The EU and the Four Freedoms

Aidan O’Neill QC

When being interviewed on BBC Radio 4’s Broadcasting House on Sunday, Brenda Maddox, the editor of Prospect Magazine made the point that, despite the current crises with the Euro, the European Union has been remarkably successful in its original post WWII strategic aim of creating an area of peace (if not always prosperity) in Europe.  If war might be seen as the continuation of economics by other means, then the economic union and integration which the EU has created over the past sixty year has achieved its primary goal of beating the swords of Franco-German rivalry into the ploughshares of the Common Agricultural Policy.

It is perhaps worth reminding ourselves of this achievement of this Pax Europaea and the importance its maintenance, even as fears mount that the Euro-zone project looks set to crash and burn under the weight of Greek insolvency and a loss of confidence in Italian fiscal management. It is important to recall this idealistic foundation when faced with the now vast and sprawling – and ever-expanding – web of Treaties, legislation, principles, rights and duties that is now EU law.

The bigger picture of the EU as a project intended to end the possibility of further war in Europe is present (though hidden) in the phrase “the four freedoms” has commonly been used as a convenient shorthand in EU law to mean the freedom of persons, goods, services and capital to be able cross, without let or hindrance, the national borders of the Member States countries within the Union (see for example Case T-115/94 Opel Austria GmbH v. Council of the European Communities [1997] ECR II-39 at para 108.    These freedoms are fundamental to the European project. They must be respected by the EU institutions and by the Member States.  Public authorities and courts must also ensure that they do not impose or rely on any interpretation of secondary provisions of EU law (directive or EU regulation) which runs contrary to these fundamental freedoms. As the General Court stated in Case T‑16/04 Arcelor SA v. European Parliament 2 March [2010] ECR II-nyr at paras 181-2:

“[B]oth the Community legislature, when adopting a directive, and the Member States, when transposing that directive into national law, are required to ensure that the general principles of Community law are respected. Thus, it is apparent from settled case‑law that the requirements flowing from the protection of the general principles recognised in the Community legal order, which include fundamental rights, are also binding on Member States when they implement Community rules, and that consequently they are bound, as far as possible, to apply the rules in accordance with those requirements. The Court takes the view that those principles apply by analogy to the fundamental freedoms of the EC Treaty.”

But this common EU law understanding of the “the four freedoms” is something of a pale shadow or faint echo of the phrase as originally coined. In his January 1941 State of the Union address before the United States Congress – a masterpiece of rhetoric given at a time when war, tyranny and genocide reigned in Europe – the American President Franklin D Roosevelt proclaimed:

“We look forward to a world founded upon four essential human freedoms.

The first is freedom of speech and expression – everywhere in the world.

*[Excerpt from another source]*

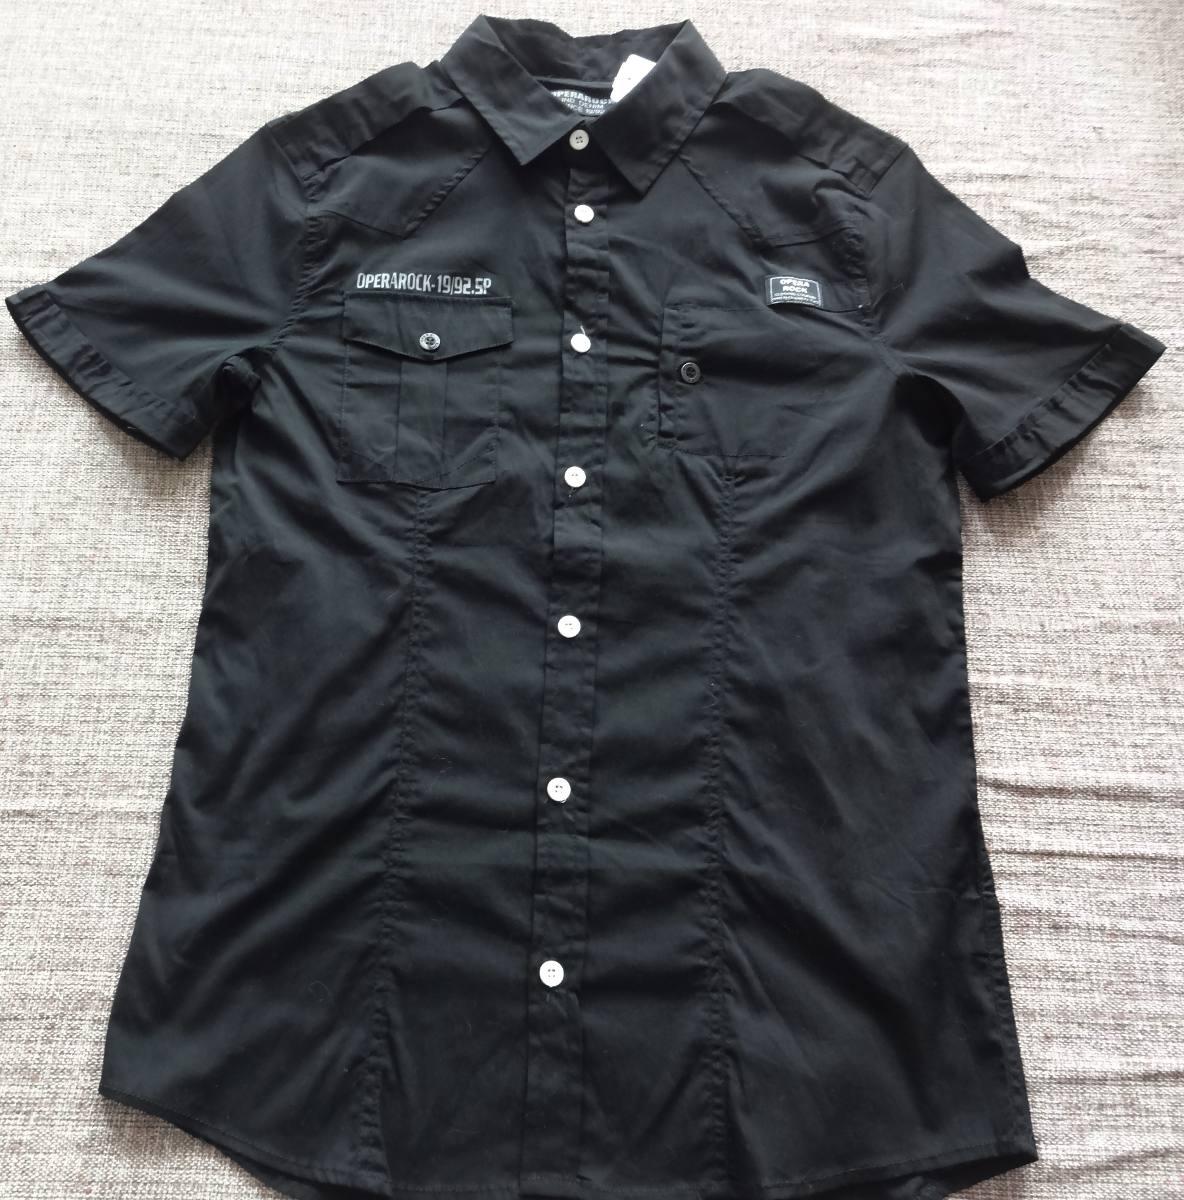 f4a3e82665 475 - Camisa Opera Rock Manga Curta Tamanho G - R$ 129,00 em Mercado ...

The second is freedom of every person to worship God in his own way – everywhere in the world.

The third is freedom from want – which translated into world terms means economic understandings which will secure to every nation a healthy peacetime life for its inhabitants – everywhere in the world.

The fourth is freedom from  fear – which translated into world terms means a world-wide reduction of armaments to such a point and in so thorough a fashion that no nation will be in a position to commit an act of physical aggression against a neighbour – anywhere in the world.   

That is no vision of a distant millennium.  It is a definite basis for a kind of world attainable in our time and generation. That kind of world is the very antithesis of the so-called new order of tyranny which the dictators seek to create with the crash of a bomb.”

These ideals were revived amid the wreckage of a post-war Europe – destroyed in the rage of the dictators – to produce two lasting, transnational European institutions:  the Council of Europe, founded to proclaim and protect the fundamental civil and political rights of the individual against the European State; and the European Union which, as we have seen, was essentially aimed at the economic integration of its European Member States so as to bind them together in inextricable bonds of trading links, such as to make any future war between them not just pointless but impossible. Specifically, war between France and Germany – the cause of so much misery for the 100 years between the mid-19th and mid-20th centuries – has (it is hoped) now become inconceivable because there can no longer be any (economic) casus belli.